У порога герберга Григорий на миг задержался. Прохладный воздух быстро прочистил его мозг от пивной горечи. Сознание вновь обрело привычную ясность, а звезды над головой выстроились в указующую систему.
«Звезды – это здорово, – мысли Григория от высших материй незаметно возвратились к привычным страхам. – Если на небе вызвездило, значит, оно безоблачно. Соответственно, не имеет силы для производства карающего огня».
Он побрел по направлению к Львову. Охранники трактира провели его удивленными взглядами. Гостинец опустел, а в отдалении выли волки. Редкие огни пригородных поселений остались далеко позади, а темная громада львовских укреплений еще не показалась из-за деревьев охотничьего парка. Тишина и путь под благими звездами располагали к важным медленным мыслям. Григорий еще раз взвесил предложение влиятельного человека, известного в кругах европейских либертинов[19] и вольных каменщиков под конспиративным именем Мастера Пафлагонца. Именно он предложил школяру причаститься Истинного Света и соединить свою судьбу с тайным обществом.
Григорий догадывался, что лежало в основе приглашения в секретную жизнь.
Пробил час европейского Востока. Под скипетром северных царей дикая и подвижная жизнь украинской степи начала обретать твердые формы. Лидеры и стратеги тайных братств осознали: на бескрайних пространствах, обозначенных на европейских картах как «Рутения» и «Тартария», возникает берег нового мира. Колонизация степей выходит к Причерноморью. Страна казаков и кочевников медленно, но уверенно обретает контуры цветущей имперской провинции. В ближайшее время она станет или передовым бастионом абсолютизма, или тем краем, откуда полетят серебряные птицы новой Доброй Вести.
Его, Григория, задумали посвятить в хранители тайного теплого озера, где до поры назначено зимовать серебряным птицам. Ему предложили жреческую роль в стратегии, тщательно спланированной на столетия вперед. Стратегия предполагала неминуемый крах империй и создания на их землях федерации молодых славянских держав под присмотром и покровительством старых республик. Пафлагонец показал ему тайную карту, где магистры ордена начертали границы будущих суверенных стран. Одну из них, с центром в Древнем Киеве, предложили назвать Ruthenia. В этом имени Григорий ощутил присутствие мистической Розы, ее истинный красный цвет, ее животворящий пламень. Цвет и пламень предпоследней стадии созревания философского камня.
Секретная масонская карта уже несколько месяцев преследовала его воображение. Сначала он бредил видениями будущей степной республики. Он видел тысячеглавое вече, избирающее Княжескую раду, золотой блеск киевских куполов, патриарха у райских врат Святой Софии, мистическую Деву-Навну в сапфирово-синем небе. Навну хранящую и благословляющую.
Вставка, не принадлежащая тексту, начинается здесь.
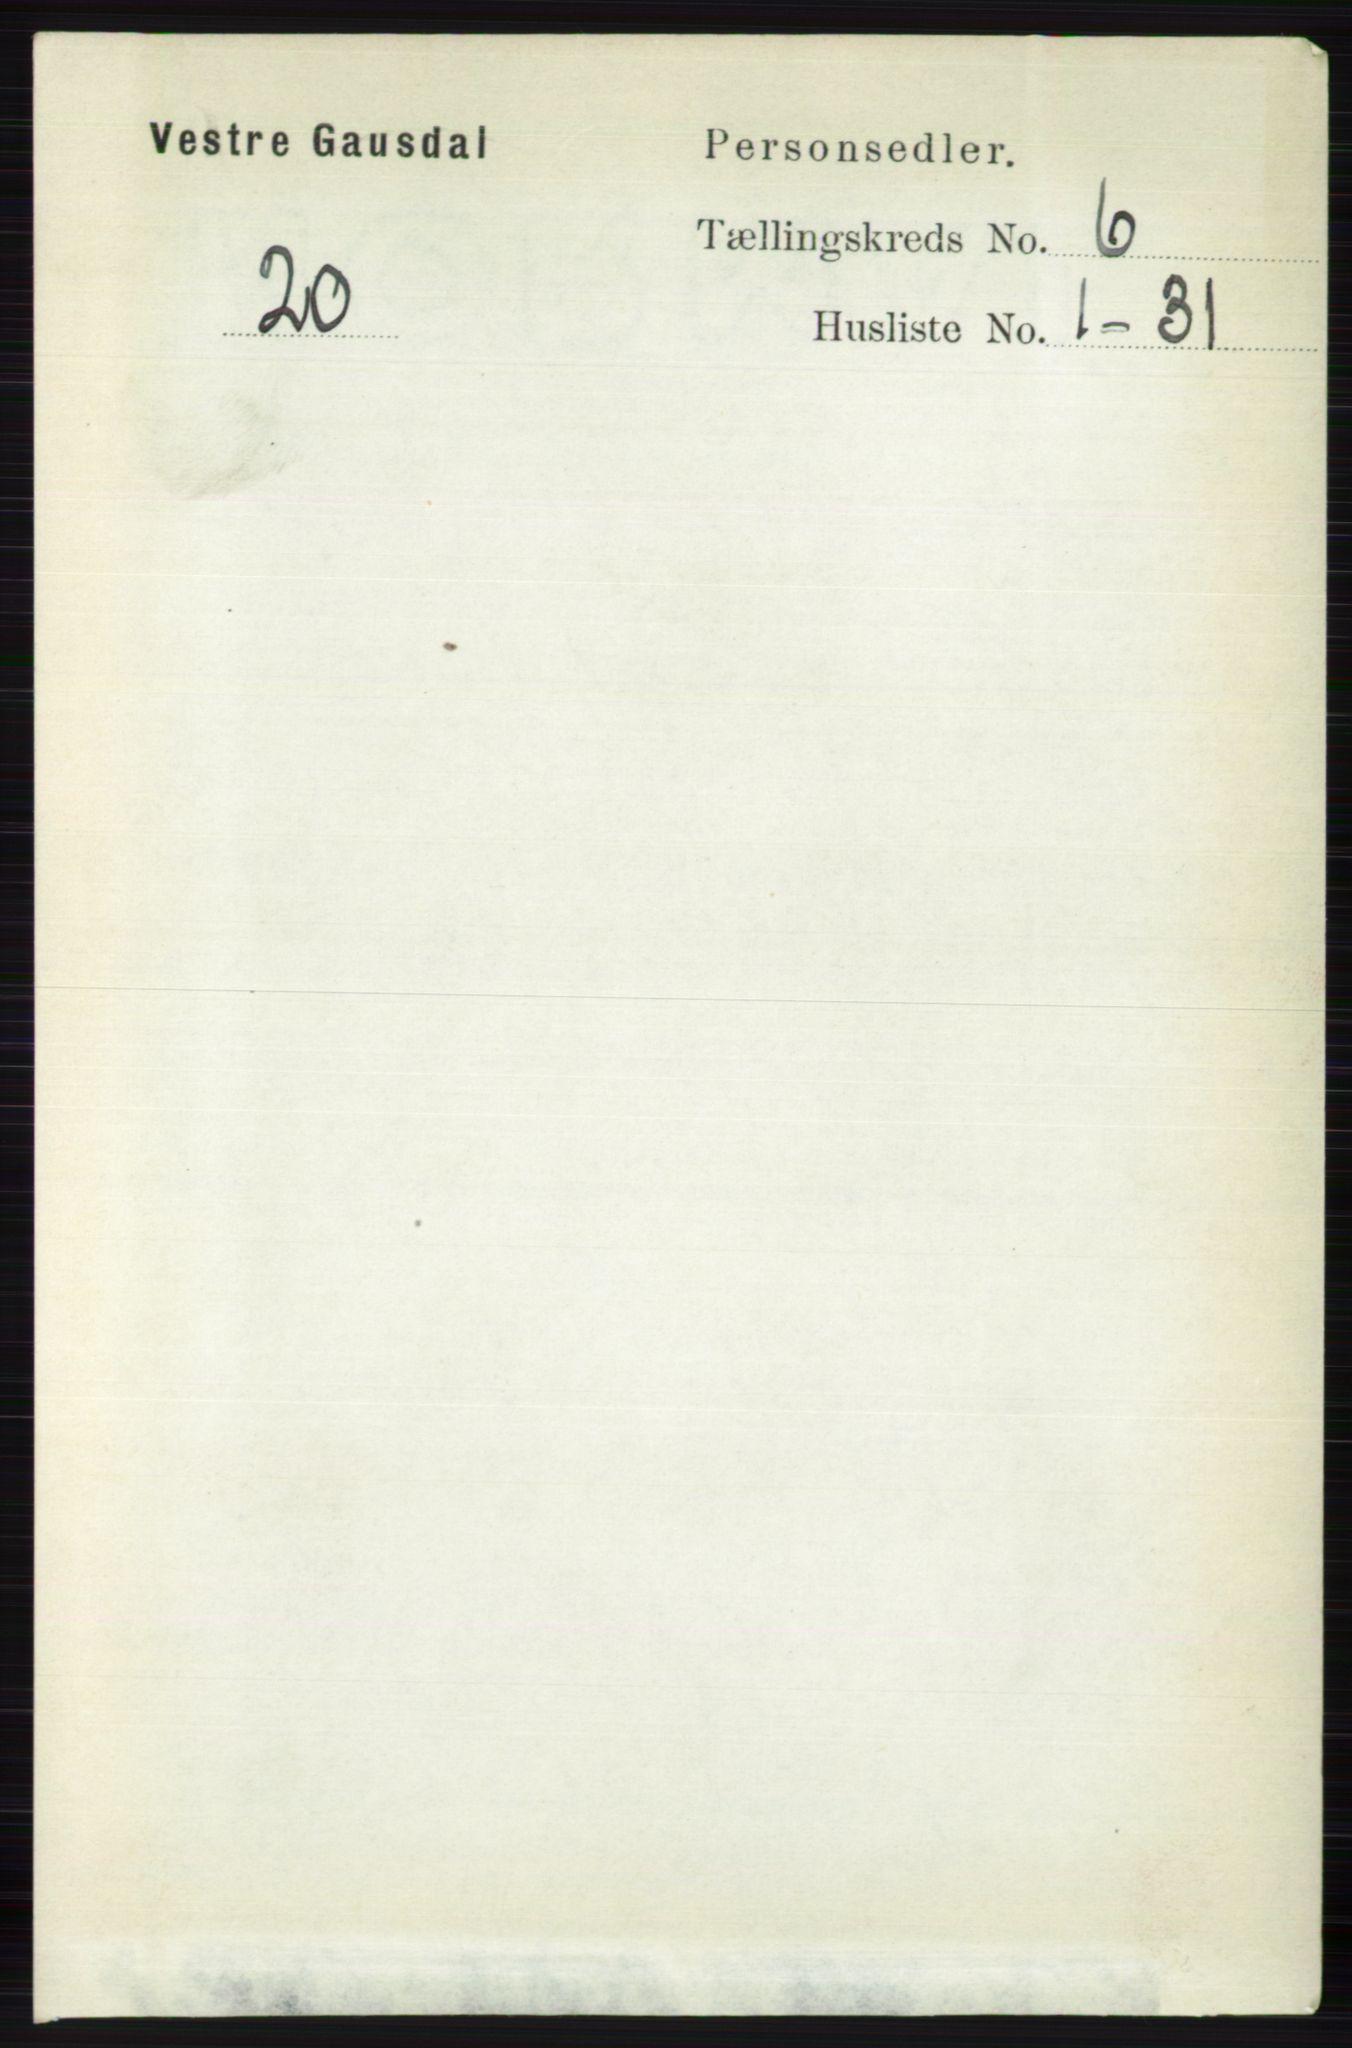 RA, Folketelling 1891 for 0523 Vestre Gausdal herred, 1891, s. 2553

Но вскоре в этих видениях возник и укрепился многосмысленный цвет алхимической розы. Золотое сияние налилось кровавыми оттенками, а шум битв заглушил литургическое пение. Он вспомнил, что стадия Красного Льва имеет двойственную природу. В ней присутствует древнее женское начало – мистический дух земли, ацетата свинца, известного алхимикам как Lac Virginis – Молоко Девы. Это было священное, животворное и неутомимое Молоко.
Однако Молоко благой Навны пролилось не на жаждущие грунты, а в жертвенную чашу богини степей Карны, безжалостной властительницы амазонок. Богини крови и мстительных земляных Сил. В снах он видел ее темное обнаженное тело, скорее мужское, чем женское. Тело, созданное не для продолжения рода, а для бесконечной битвы жестоких богов. От него шли волны неумолимой власти. Оно могло быть всем, оно перетекало из огня в воду, а из воды – в камень. Оно становилось огромным змеем, а потом из ползучей формы над притихшими степями вырастал и возносил свой меч Кром – бог воинов, тени которых все еще блуждали между курганами и каменными бабами. Григорий испугался этой победоносной языческой телесности, и тяжелая тень подозрения пала на его мечты. Он молился святым угодникам Печерским, и кровавые видения оставили его сновидения. Зато подозрение свило крепкое гнездо в его сердце. А еще он не смог забыть телесную форму Карны-Крома, удивительную плоть, соединившую силу мужских мышц с искусительной женской прелестью.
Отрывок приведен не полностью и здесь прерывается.